Frederick John Robinson, 1st Earl of Ripon (1 November 1782 – 28 January 1859), styled The Honourable F. J. Robinson until 1827 and known between 1827 and 1833 as the Viscount Goderich (pronounced /ˈgoʊdrɪtʃ/ GOH-dritch), the name by which he is best known to history, was Prime Minister of the United Kingdom from 1827 to 1828.

A member of the rural landowning aristocracy, Robinson entered politics through family connections. In the House of Commons, he rose through junior ministerial ranks, achieving cabinet office in 1818 as President of the Board of Trade. In 1823, he was appointed Chancellor of the Exchequer, a post he held for four years. In 1827, he was raised to the peerage, and in the House of Lords was Leader of the House and Secretary of State for War and the Colonies.
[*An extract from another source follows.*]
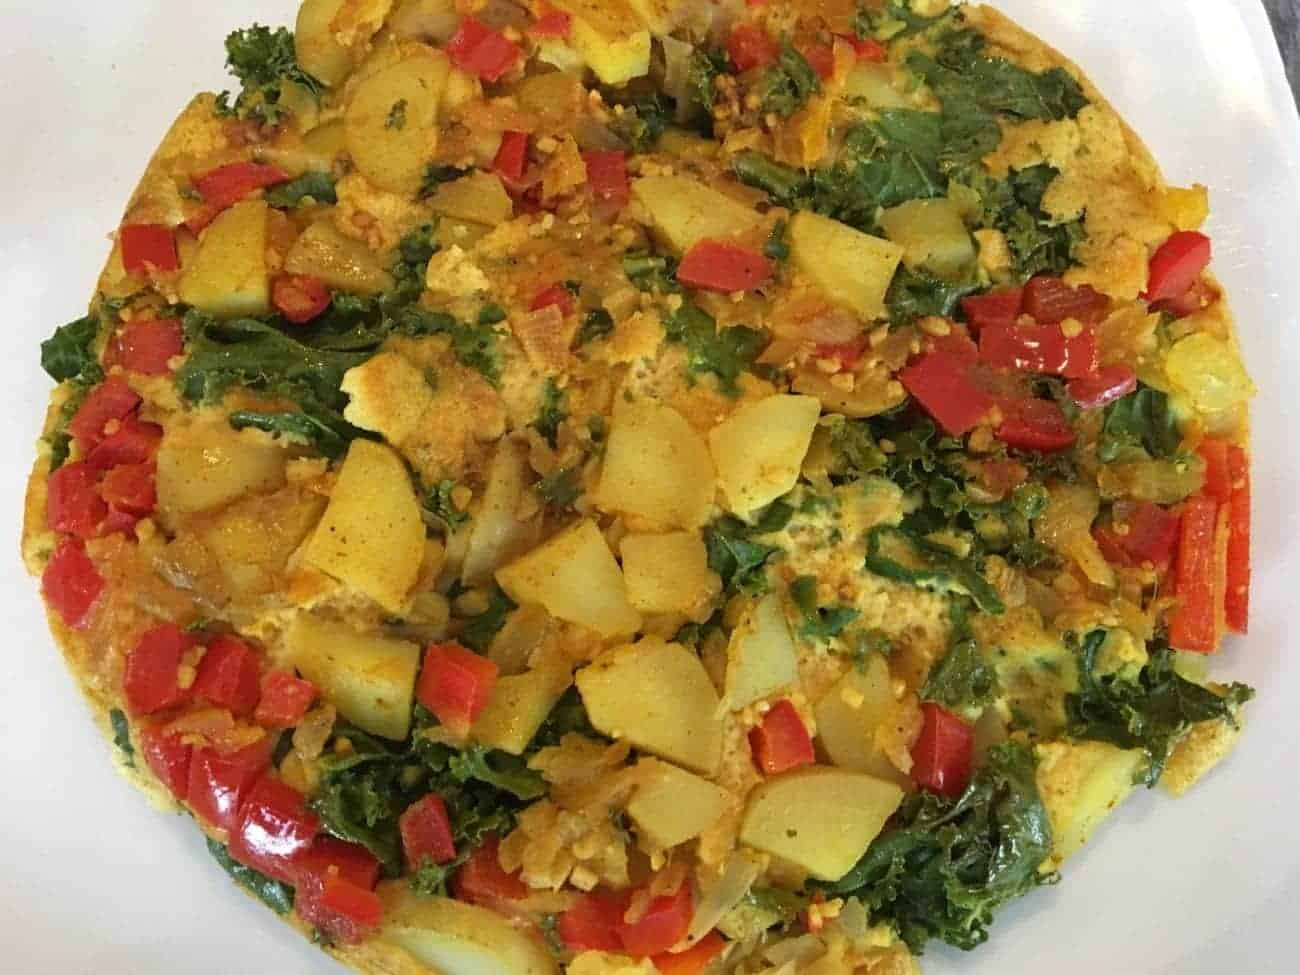 Vegan Kale and Potato Frittata

In 1827, Prime Minister George Canning died after only 119 days in office, and Goderich succeeded him. However, he was unable to hold together Canning's fragile coalition of moderate Tories and Whigs, and he himself resigned after only 144 days. Canning and Goderich were the two shortest-ruling Prime Ministers in British history, until Liz Truss in 2022.

After leaving the premiership Goderich served in the cabinets of two of his successors, the Earl Grey and Sir Robert Peel.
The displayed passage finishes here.